Being a child of God is no easy task though. It calls us to a new model of life. It calls us to be inclusive and welcoming. It calls us to love one another. It calls us to confront injustice. Being a child of God is about being a disciple. Being a child of God is an experience of growth. We begin with questions and skepticism, we grow through healing and reconciliation, and we age and mature through the resurrection.
Being a child of God is also about living in community. We don’t live in isolation, oblivious to the sorrows and joys of the world around us. We live among them. We move and live and have our being in the challenges and triumphs of our neighbors. Being a child of God is about new birth in the Spirit that isn’t subject to human control, but is deeply affected by the human condition.
So what on earth does all this have to do with Trinity Sunday and trying to understand the theology of the Trinity?
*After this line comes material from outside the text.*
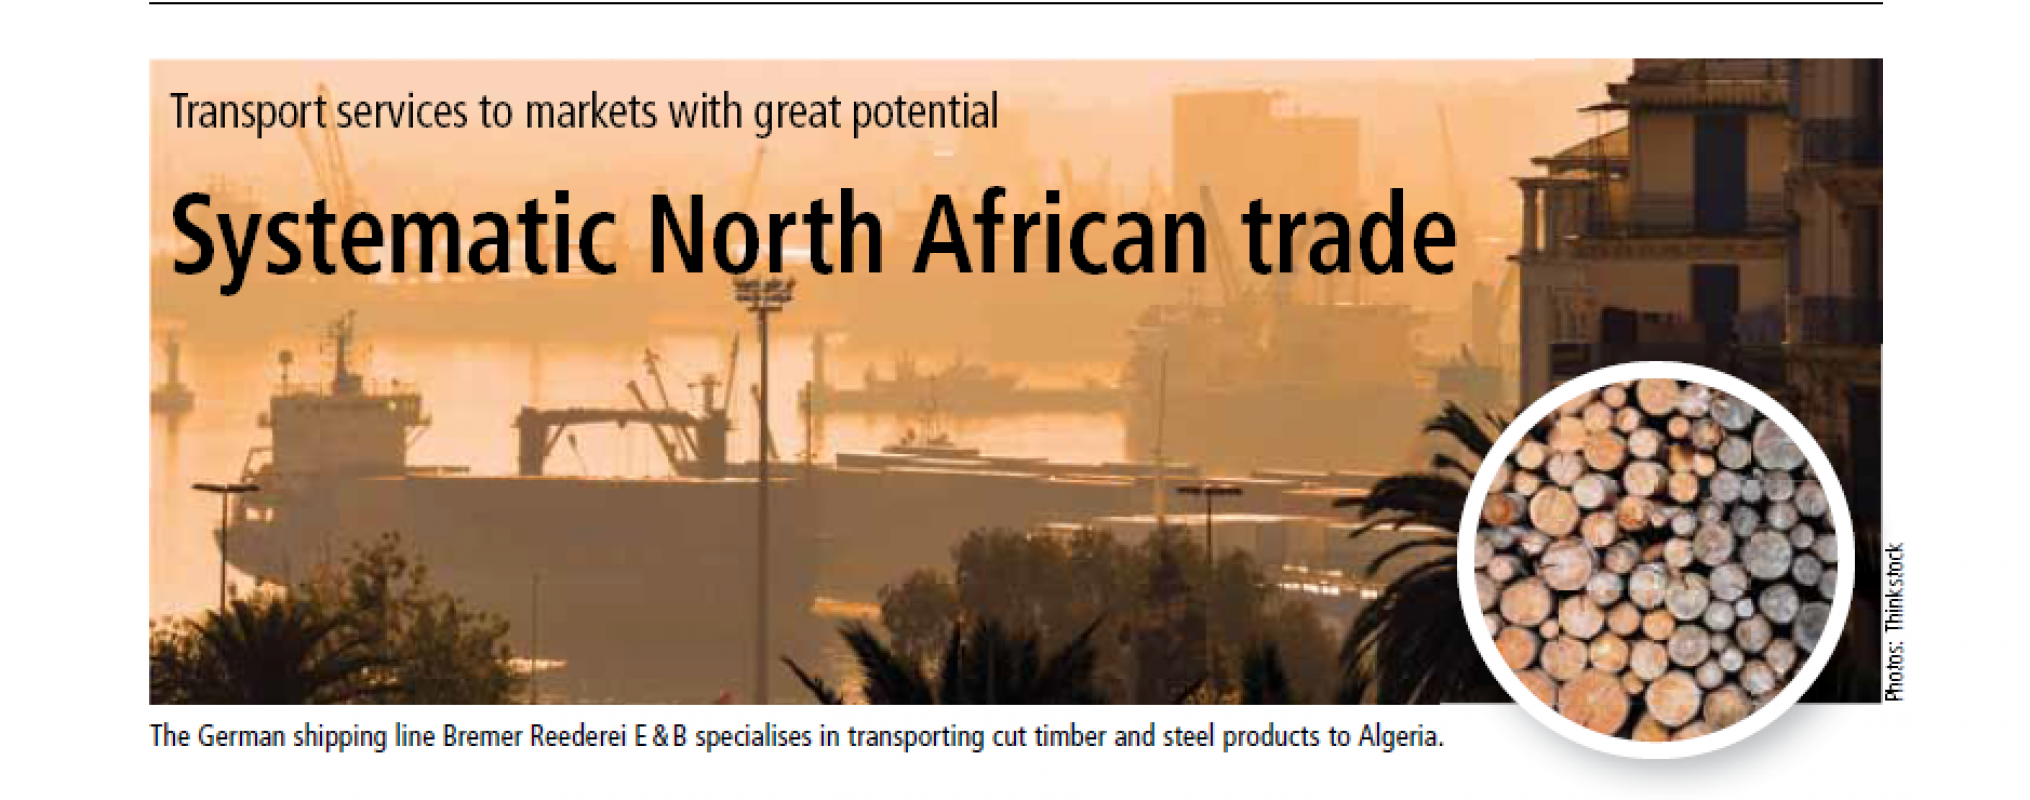 Systematic North African trade
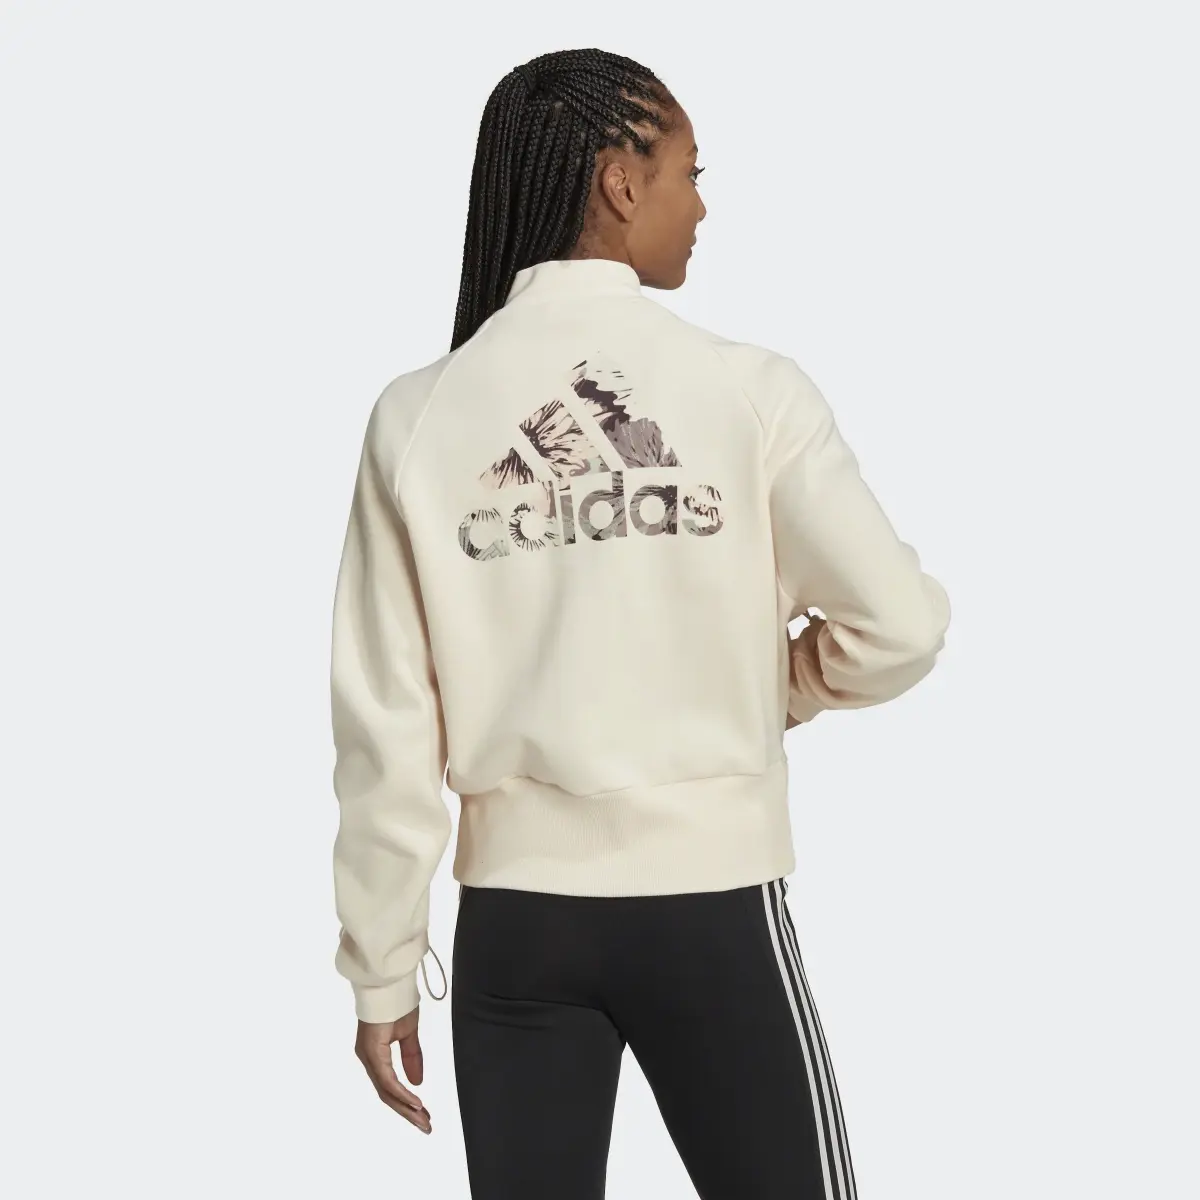 Adidas Allover Print Track Top. 3

One of my favorite Trinitarian blessings is “May God the Creator, Redeemer, and Sustainer know you and be with you each and every day of your life”. It’s the one I give at the altar rail when someone wants a blessing. It’s the one I gave my parents and Matt when I was ordained. It’s my favorite because it says something about who God is and what God does. God is the Creator—God creates and gives life. God is the Redeemer—incarnate in Jesus, freeing us from the sins, slavery and bondage of this life, and revealing the love of God. God is the Sustainer—powerful, breathing, and alive through life’s journey.
God is a community. And part of our responsibility as children of God is to also live in community. As children of God, we are called to be good stewards of our creation, forgive one another and ask for forgiveness, and be present to one another in life’s journey.
The 7th century theologian, John of Damascus understood the Trinity as “perichoresis”—“dancing around”. He imagined the Trinity as three dancers, holding hands and dancing in harmony, with a shared purpose and mutual love. As children of God, people born anew in water and Spirit, we are invited into this dance.
So maybe Nicodemus wasn’t just trying to get clarification about the inclusive nature of Jesus’ teaching, but maybe he was also trying to find his place among the ever expanding children of God. Maybe he wanted to know if he’d be invited into the dance.
In You—Holy One—we live and move and have our being.